Гиблое, видимо, это было место…
Впрочем, порассуждать на эту тему мне не удалось. Нас загрузили в машины и повезли в часть.
Прибытие.
Наше появление в части не стало событием.
Не было пышной торжественной встречи, оркестра, флагов и транспарантов. Не было праздника. Нас будто и не ждали.
Перед проходной лежали кучи песка и щебенки с брошенными рядом носилками. В глаза бросился угрюмый покосившийся забор в ошметках облупившейся краски.
В стороне производились какие‑то работы. Грузоподъемный кран снял с автомобильного прицепа бетонный блок и занес его над болотом. Солдаты с мостков шестом направляли его. Один махнул рукой.
– Майна!
Блок стал опускаться вниз и мягко проваливаться в болото. Солдаты шестом сбили стропы с крюков. Блок с противным чавкающим звуком скрылся в черной жиже, как будто болото не просто проглотило строительный элемент, но и пережевало его.
– Восьмой за сегодня, – сообщил кто‑то из бойцов.
На поверхности, на черном прямоугольнике болотной жижи, оконтуренной зеленой ряской, остались лопающиеся пузыри, будто вода кипела.
– Это ничего! – успокоил руководивший работами невысокий полненький капитан. – Ядро земли крепкое. Мы до него доберемся.
– А нельзя обойти? – поинтересовался я у одного из бойцов.

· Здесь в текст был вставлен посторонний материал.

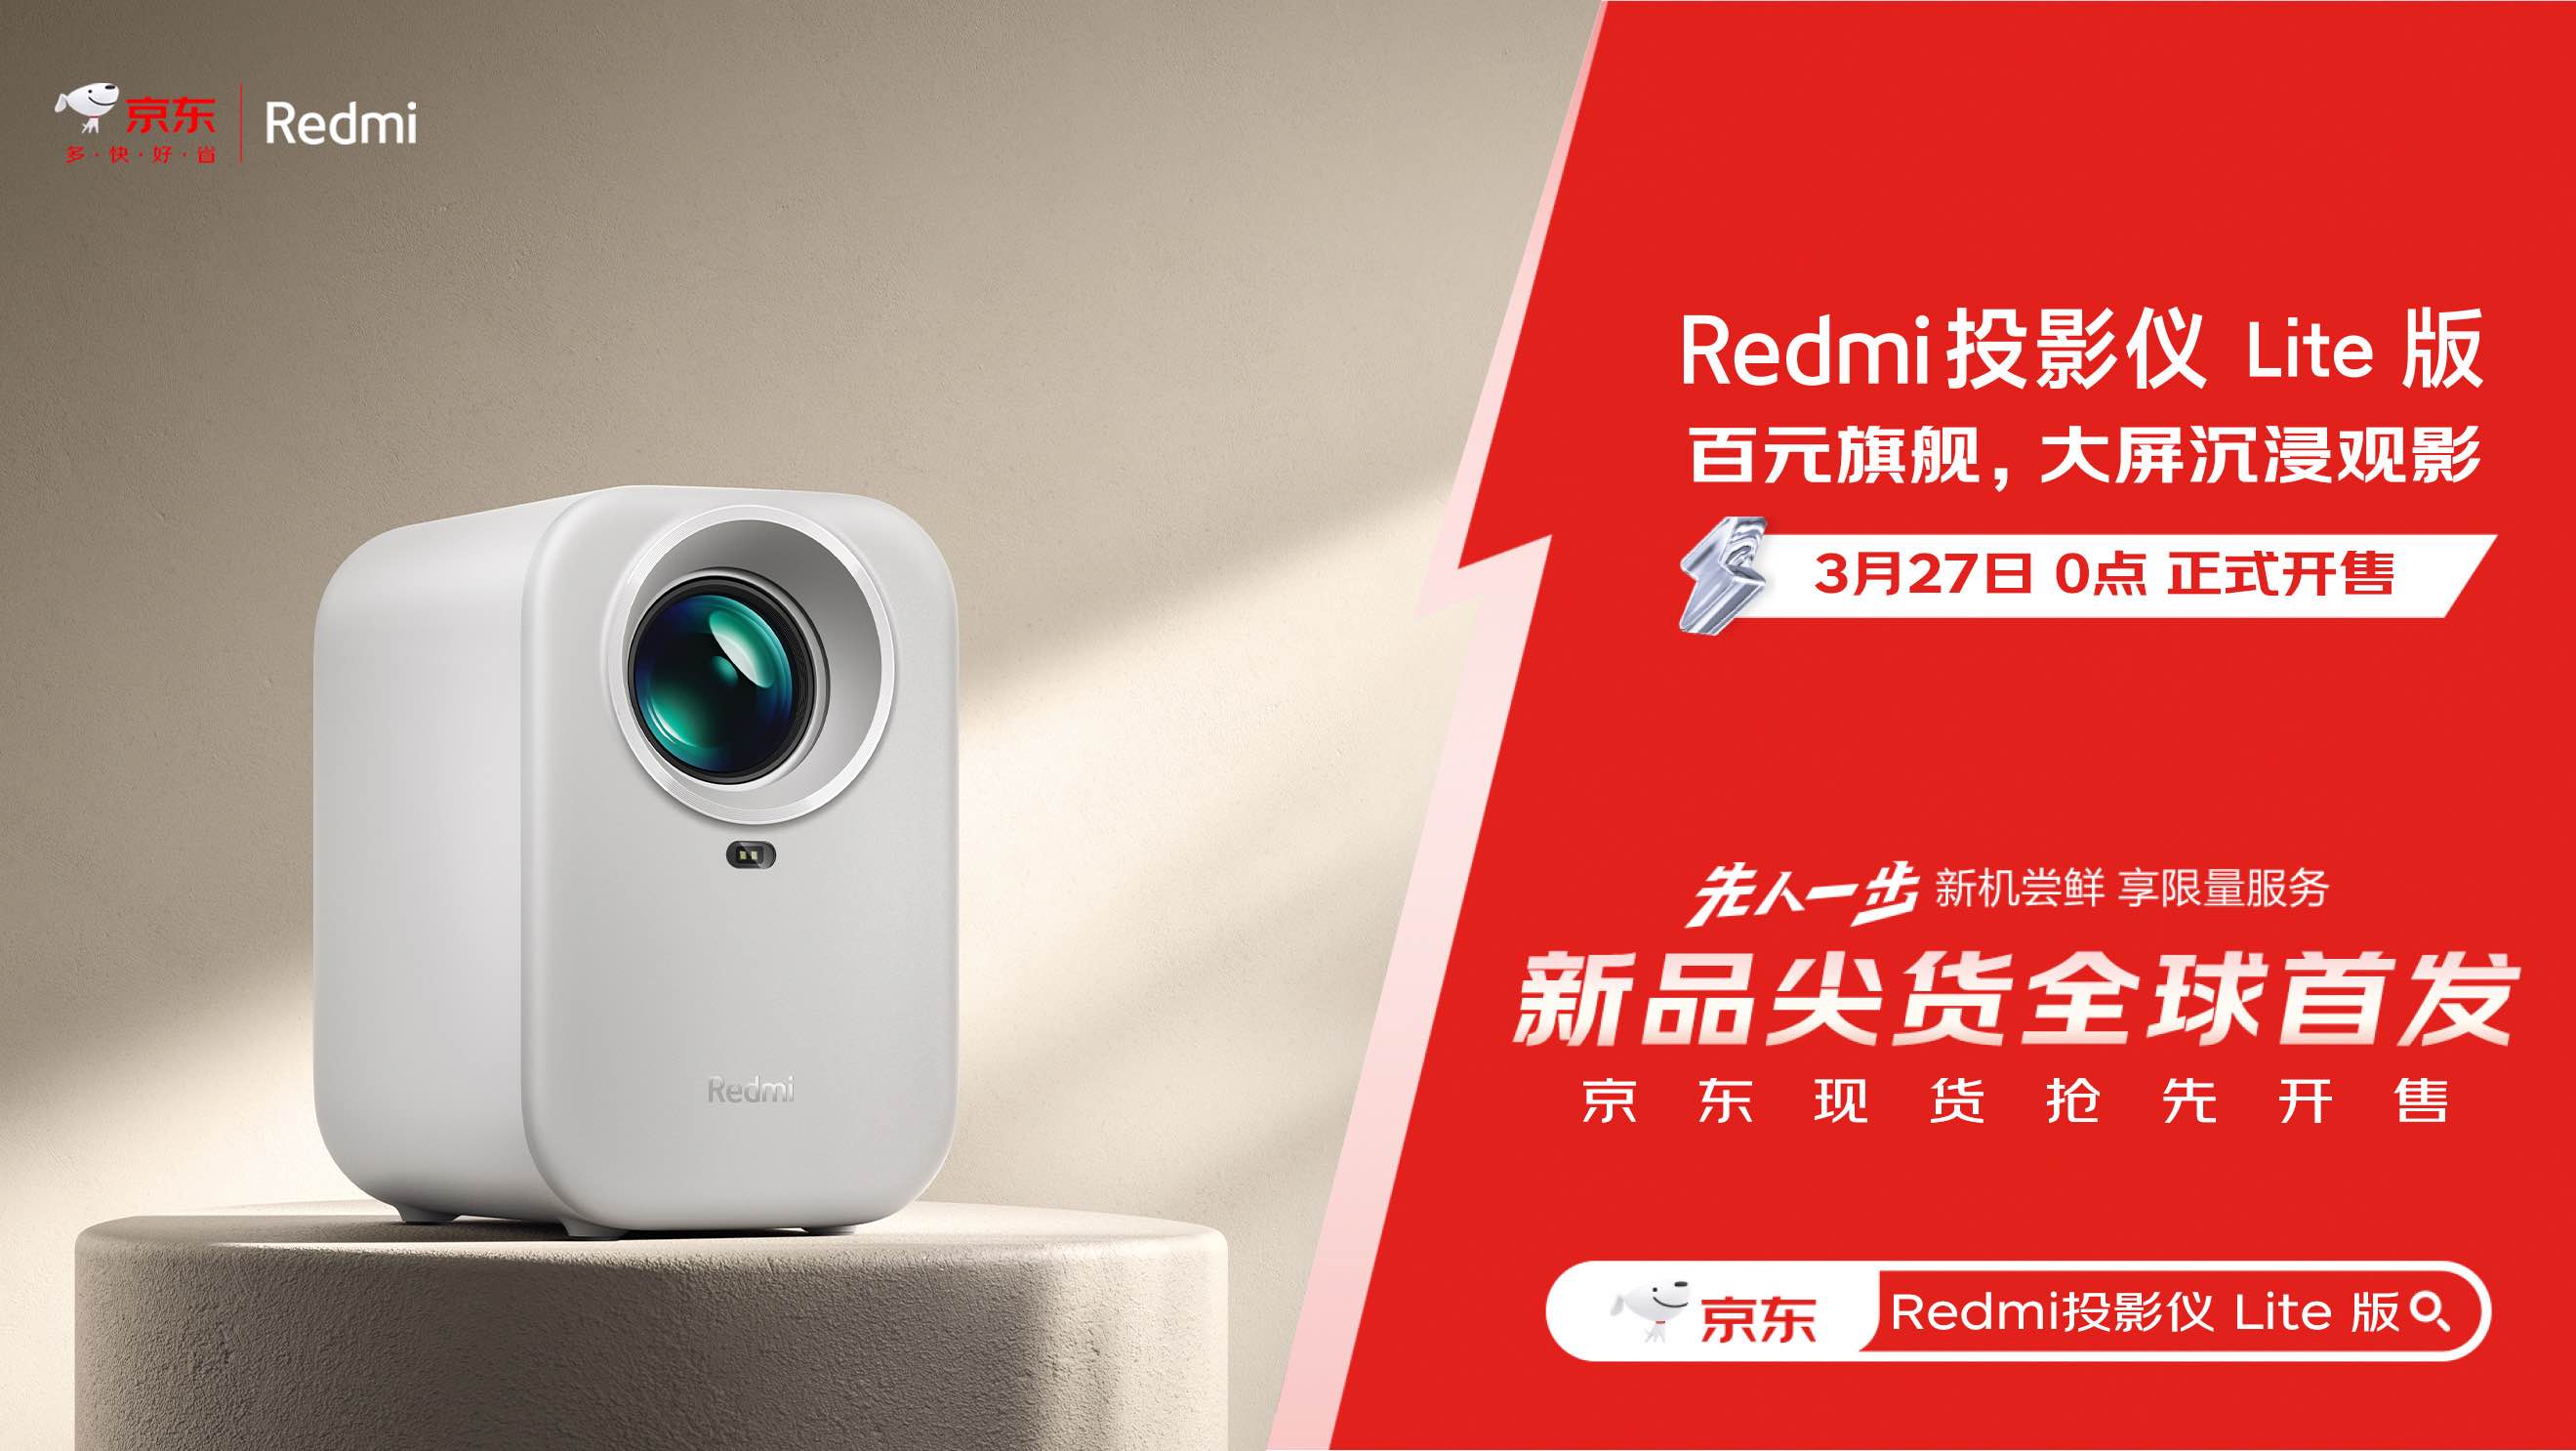 Redmi投影仪Lite版京东开启预售：3月22日“先人一步”抢先购

– Нельзя, – твердо ответил тот. – Будут отклонения от прямой линии. А приказано вести прямо.
Мне сразу почему‑то вспомнился наш замечательный школьный наставник Дуралюмин.
И, как оказалось, это было еще только начало…

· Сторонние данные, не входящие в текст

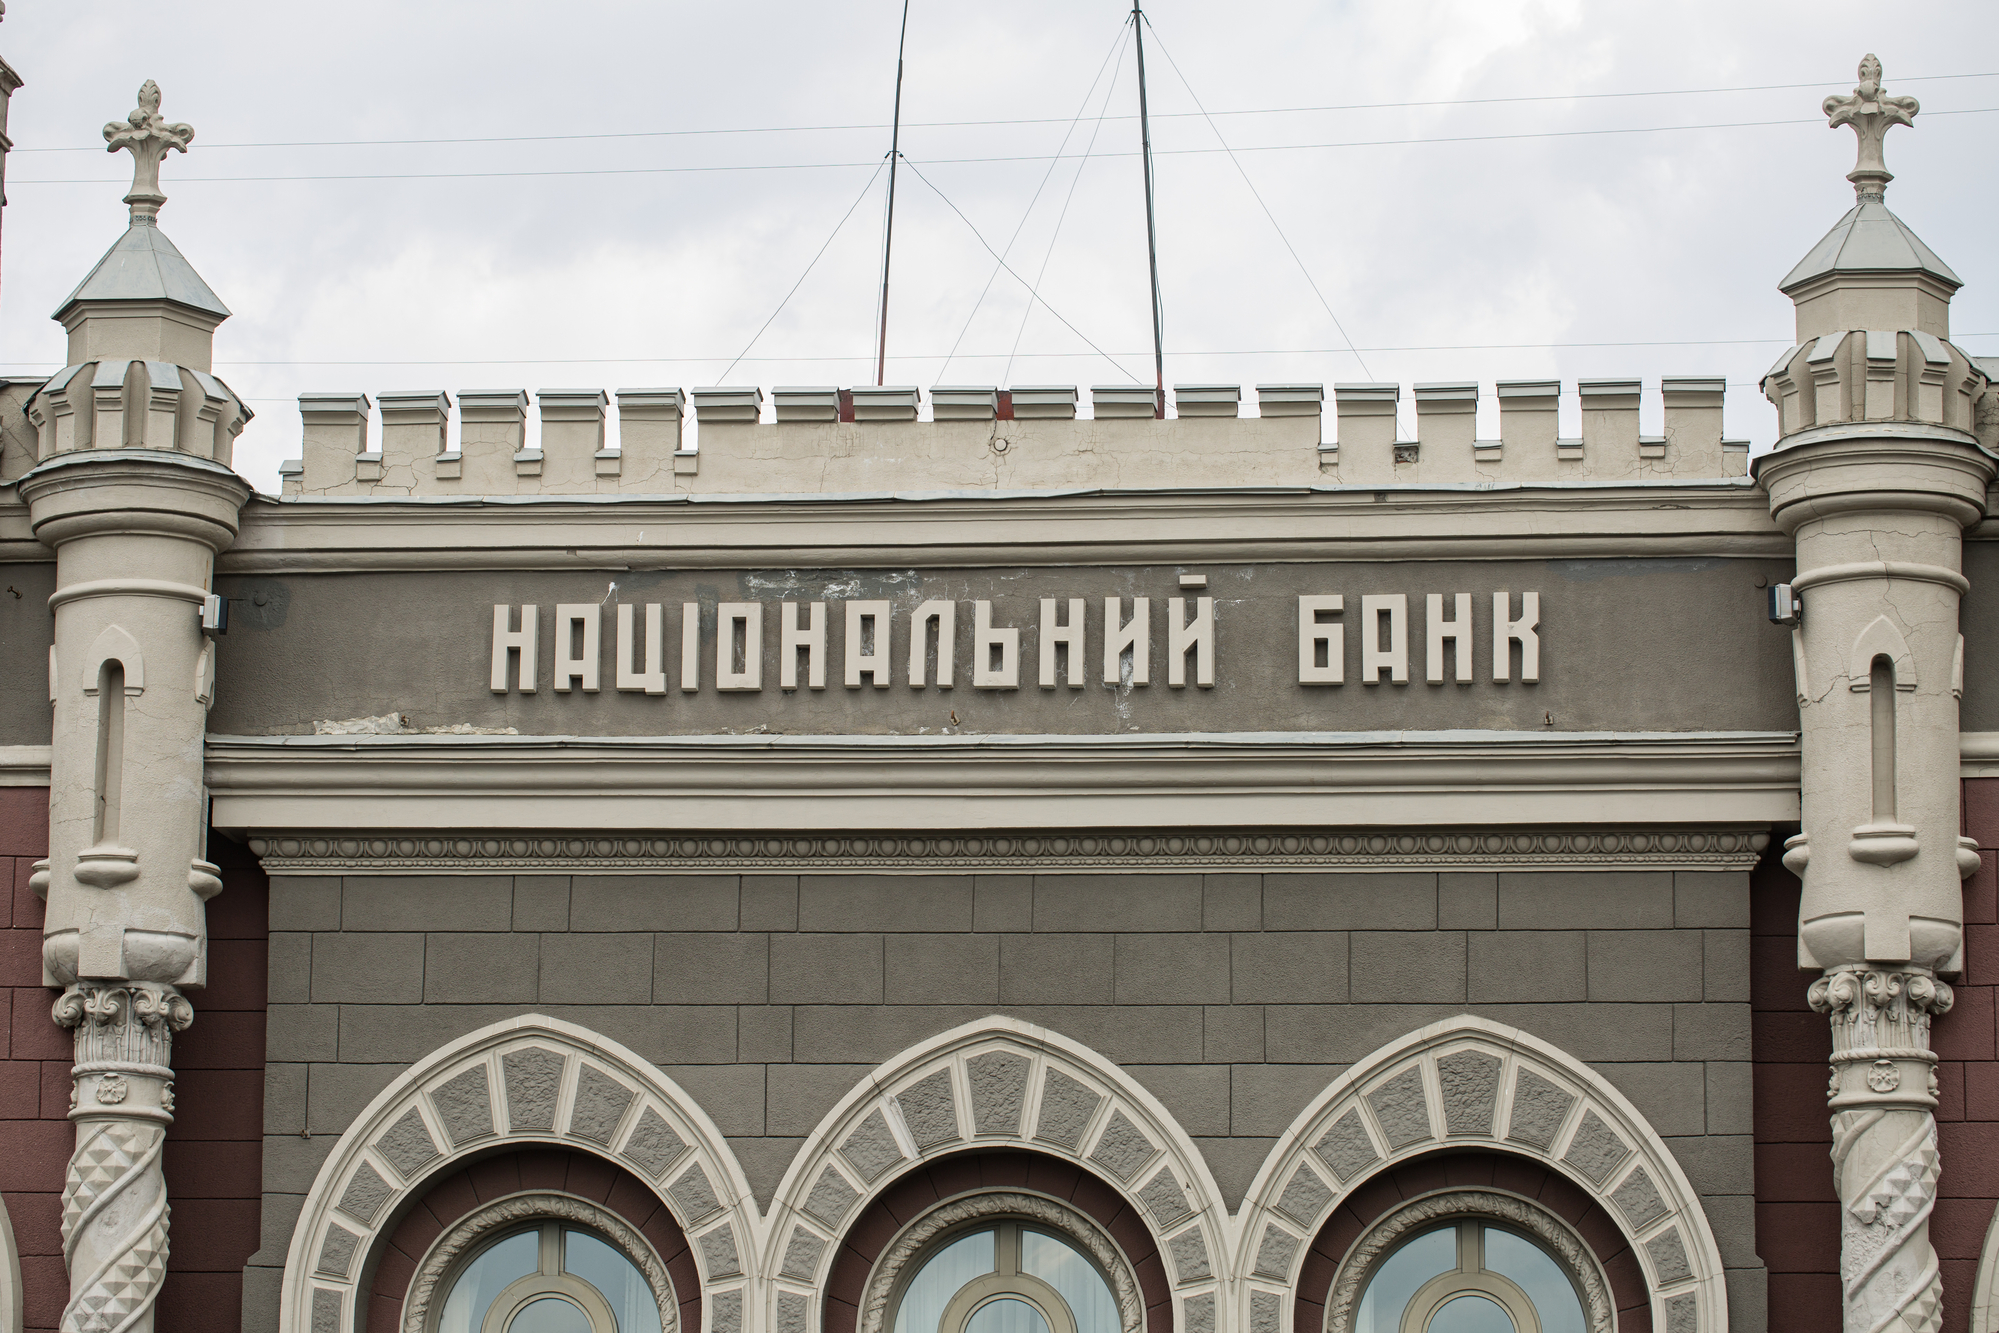 National Bank of Ukraine facade fragment

Сразу за проходной шла короткая асфальтовая дорога, которая заканчивалась широкой прямоугольной площадкой – плацем.
Слева и справа от плаца вытянулись одноэтажные казармы, перед которыми лежал аккуратно подстриженный газон. На нем росли высокие березы.

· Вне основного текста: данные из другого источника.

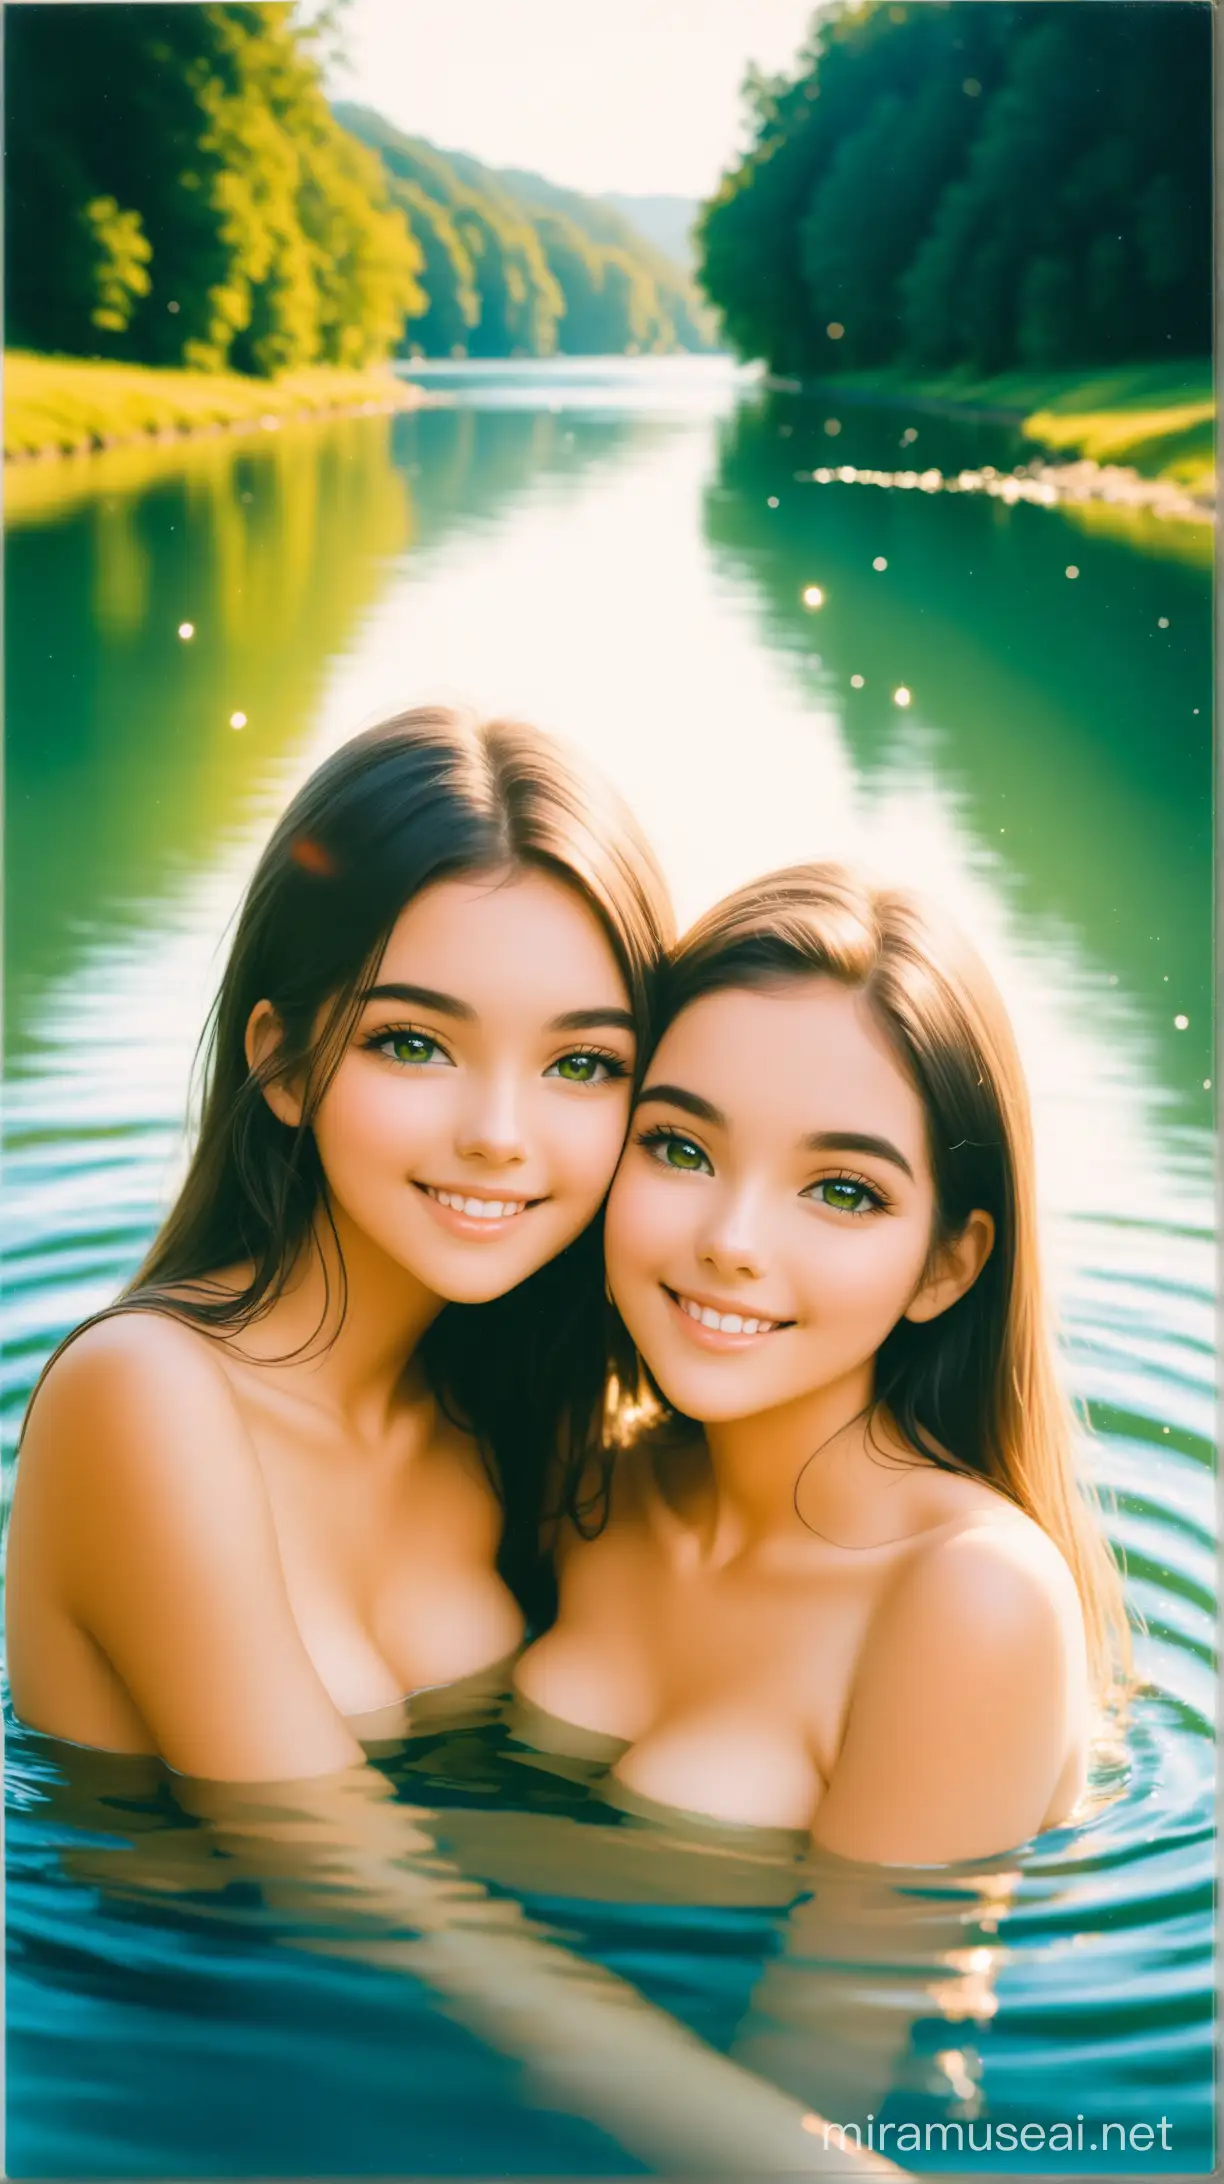 Romantic Underwater Embrace Two Women in Love Smiling in Beautiful River Landscape

Впереди виднелся фасад еще одного здания, колоннами похожий на помещичий дом. Это была столовая, как я узнал позже.
Плац убирали и мыли. Несколько бойцов по очереди выплескивали воду из ведер. Шеренга солдат плотно сдвинутыми швабрами гнали эту воду перед собой.
На влажно блестевшей поверхности асфальта проступали белые пятна от вороньих испражнений, будто весь плац был болен человеческой болезнью витилиго.
С берез за процессом следили вороны. Время от времени они что‑то прокаркивали и перелетали на другие ветки.